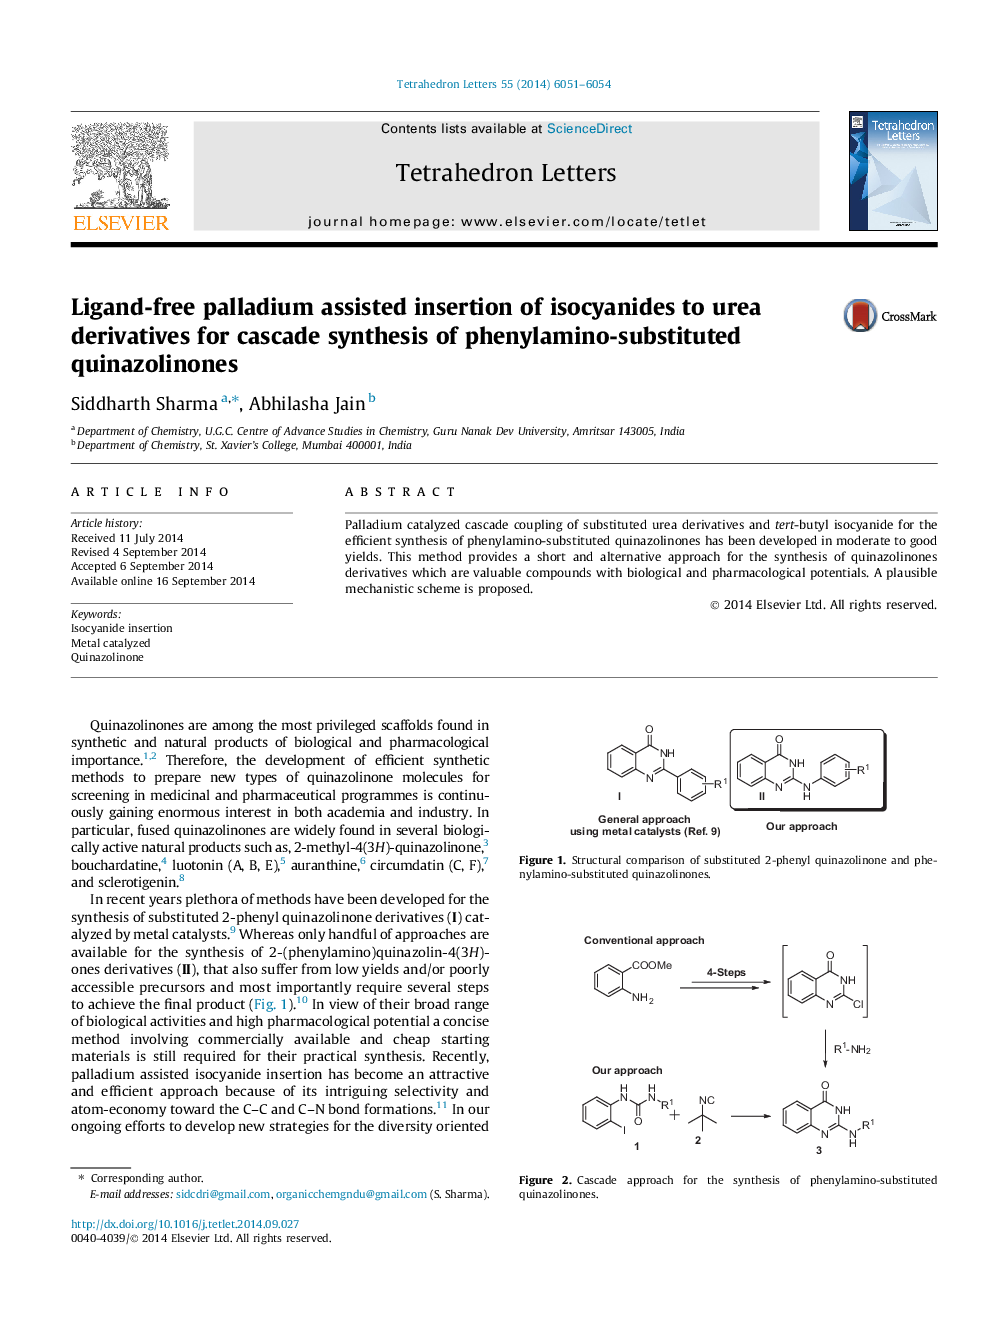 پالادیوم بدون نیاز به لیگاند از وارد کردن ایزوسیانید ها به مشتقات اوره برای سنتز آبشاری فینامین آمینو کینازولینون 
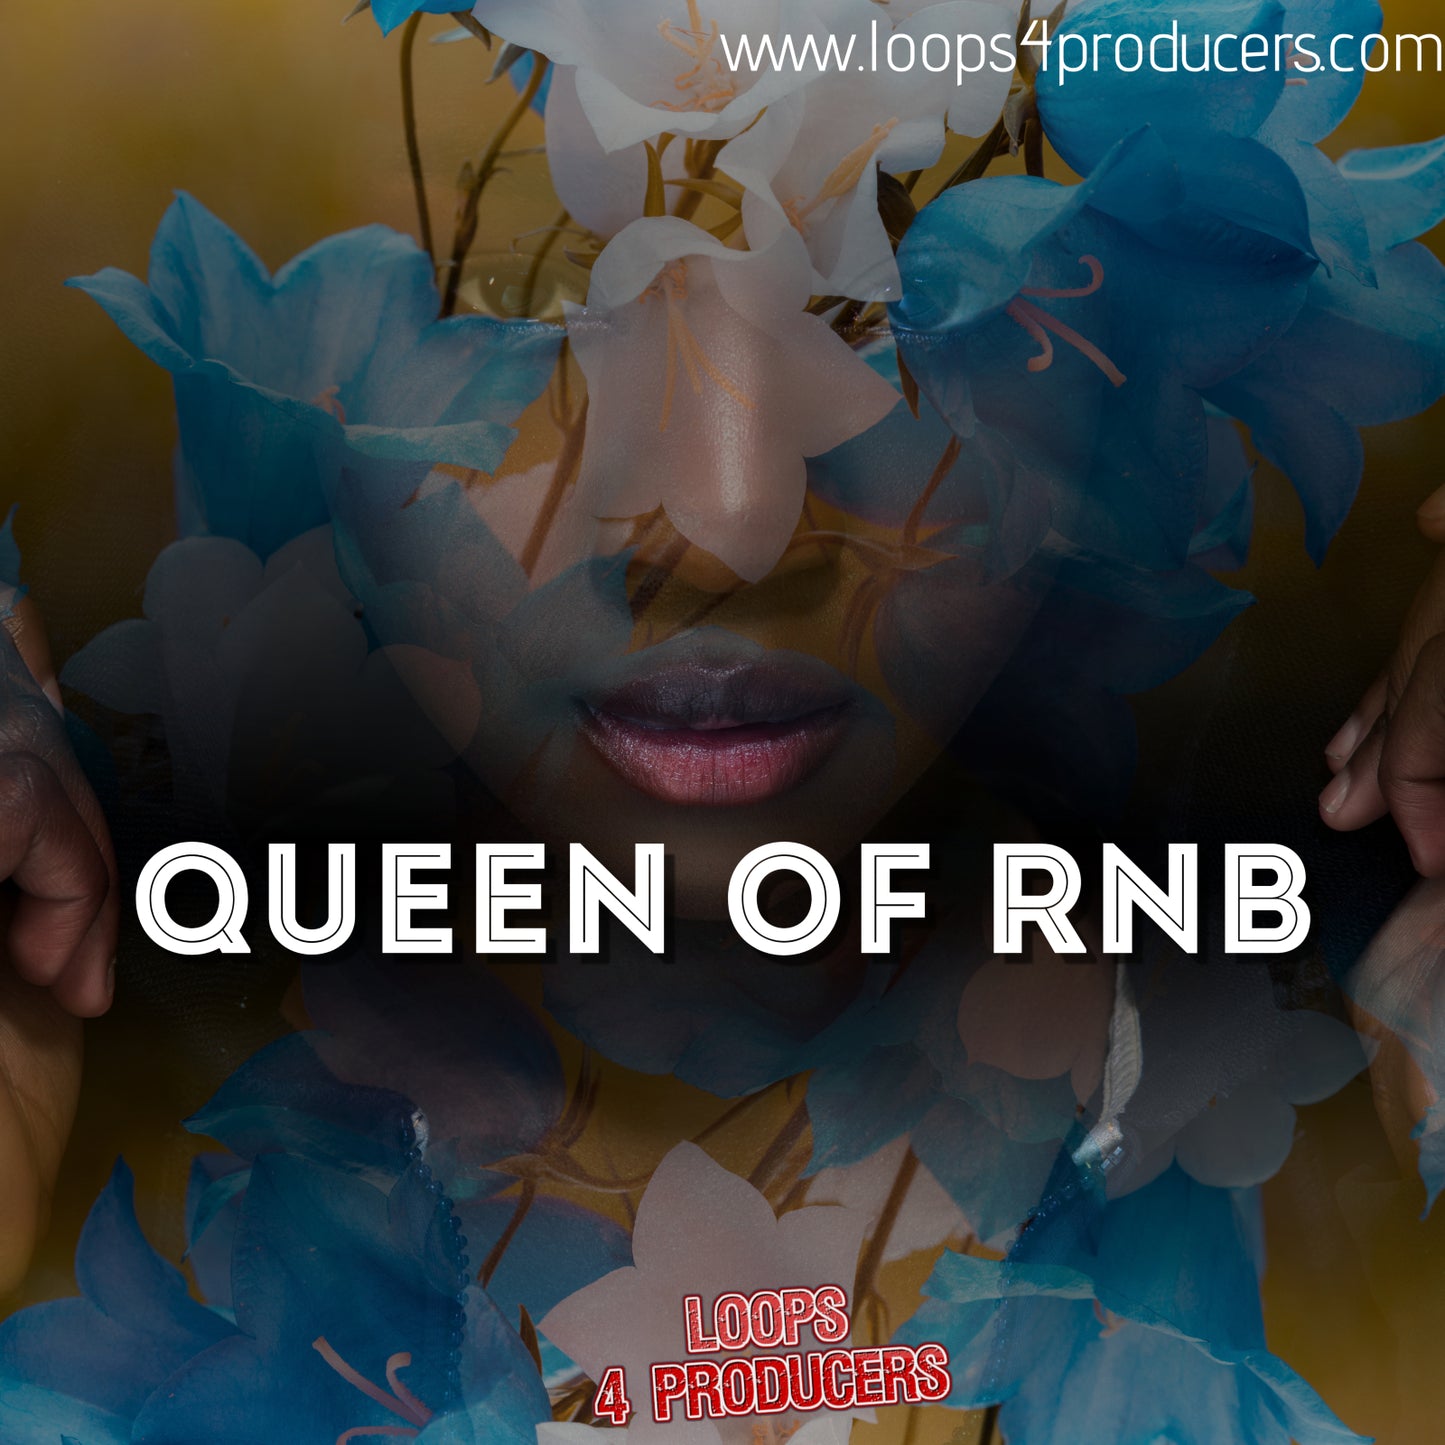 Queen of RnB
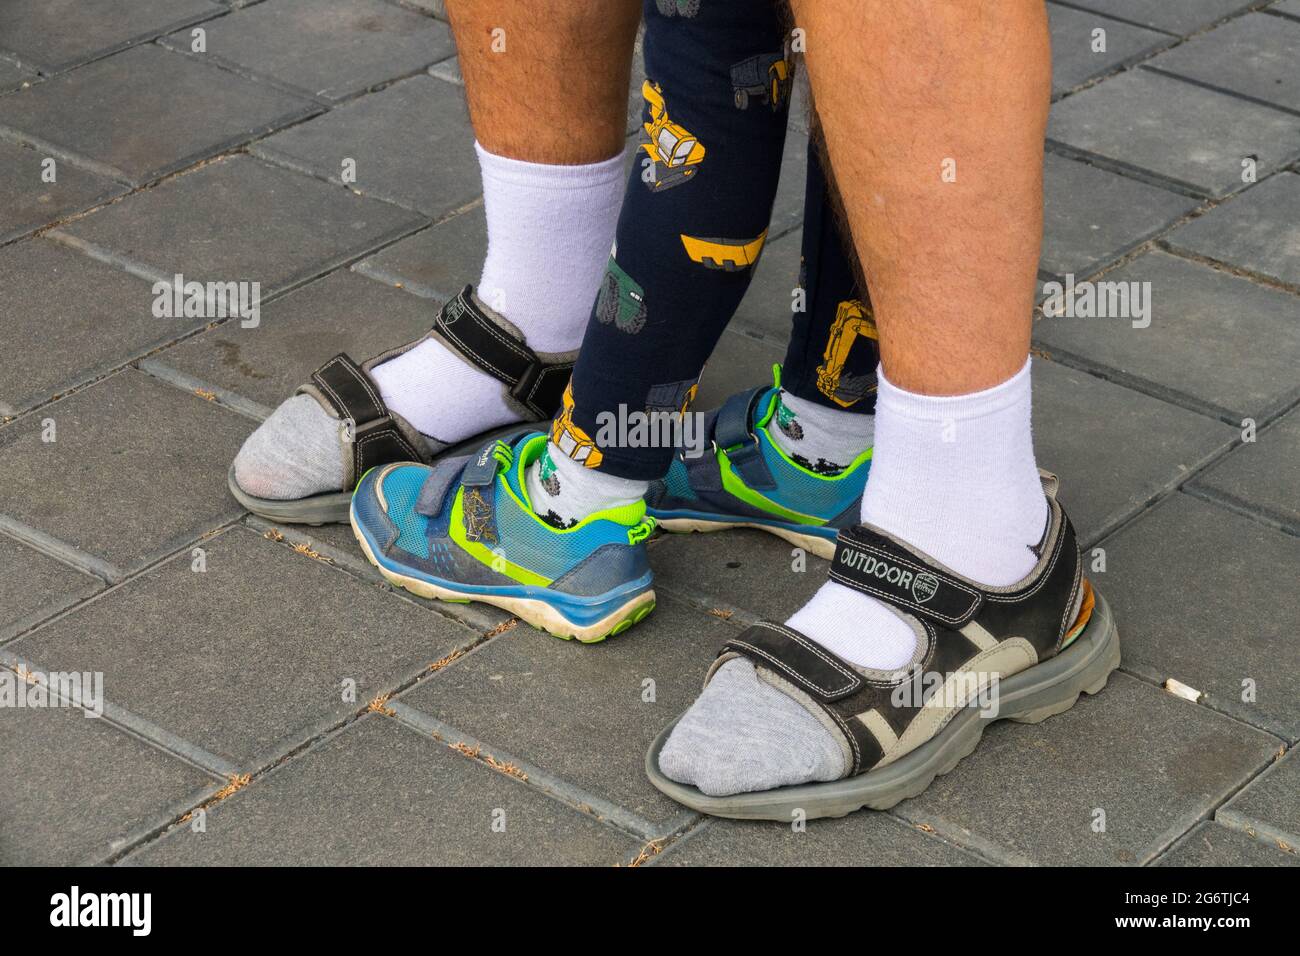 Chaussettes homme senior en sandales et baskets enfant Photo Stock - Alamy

+ + + + + + +

*Task to complete:* The data must be printed exactly, image-free.

*Completed exercise:*
 پالادیوم بدون نیاز به لیگاند از وارد کردن ایزوسیانید ها به مشتقات اوره برای سنتز آبشاری فینامین آمینو کینازولینون 
 Queen of RnB
 Chaussettes homme senior en sandales et baskets enfant Photo Stock - Alamy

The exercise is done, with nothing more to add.